### HOW TO COMPLETE THIS TASK
What number of lines in the data below contain the string "Banque"? Answer with that number alone.

(Collected data)
● ● ● ●

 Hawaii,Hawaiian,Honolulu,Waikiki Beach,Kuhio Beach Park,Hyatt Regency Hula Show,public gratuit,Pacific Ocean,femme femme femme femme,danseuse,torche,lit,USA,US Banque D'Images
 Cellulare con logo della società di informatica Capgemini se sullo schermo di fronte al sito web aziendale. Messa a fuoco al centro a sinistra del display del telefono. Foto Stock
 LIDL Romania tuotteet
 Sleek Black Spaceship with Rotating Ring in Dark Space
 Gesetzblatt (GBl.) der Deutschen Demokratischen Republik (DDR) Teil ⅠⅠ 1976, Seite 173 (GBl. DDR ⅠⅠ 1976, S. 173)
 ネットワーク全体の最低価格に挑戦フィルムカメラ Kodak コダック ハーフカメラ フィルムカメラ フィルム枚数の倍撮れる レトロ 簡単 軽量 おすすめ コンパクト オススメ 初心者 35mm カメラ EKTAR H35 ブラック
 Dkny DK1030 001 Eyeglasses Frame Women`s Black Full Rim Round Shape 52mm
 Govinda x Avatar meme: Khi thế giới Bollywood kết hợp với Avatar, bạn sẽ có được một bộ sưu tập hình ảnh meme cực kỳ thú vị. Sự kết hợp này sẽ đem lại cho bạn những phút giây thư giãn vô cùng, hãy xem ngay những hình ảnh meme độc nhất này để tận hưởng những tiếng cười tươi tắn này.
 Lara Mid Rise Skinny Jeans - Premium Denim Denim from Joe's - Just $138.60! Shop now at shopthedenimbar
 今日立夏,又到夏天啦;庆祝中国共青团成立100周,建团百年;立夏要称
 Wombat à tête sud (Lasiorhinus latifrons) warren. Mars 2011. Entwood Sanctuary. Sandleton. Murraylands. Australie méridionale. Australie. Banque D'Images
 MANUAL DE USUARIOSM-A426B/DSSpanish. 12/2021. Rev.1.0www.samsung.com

● ● ● ●

### TASK ANSWER
2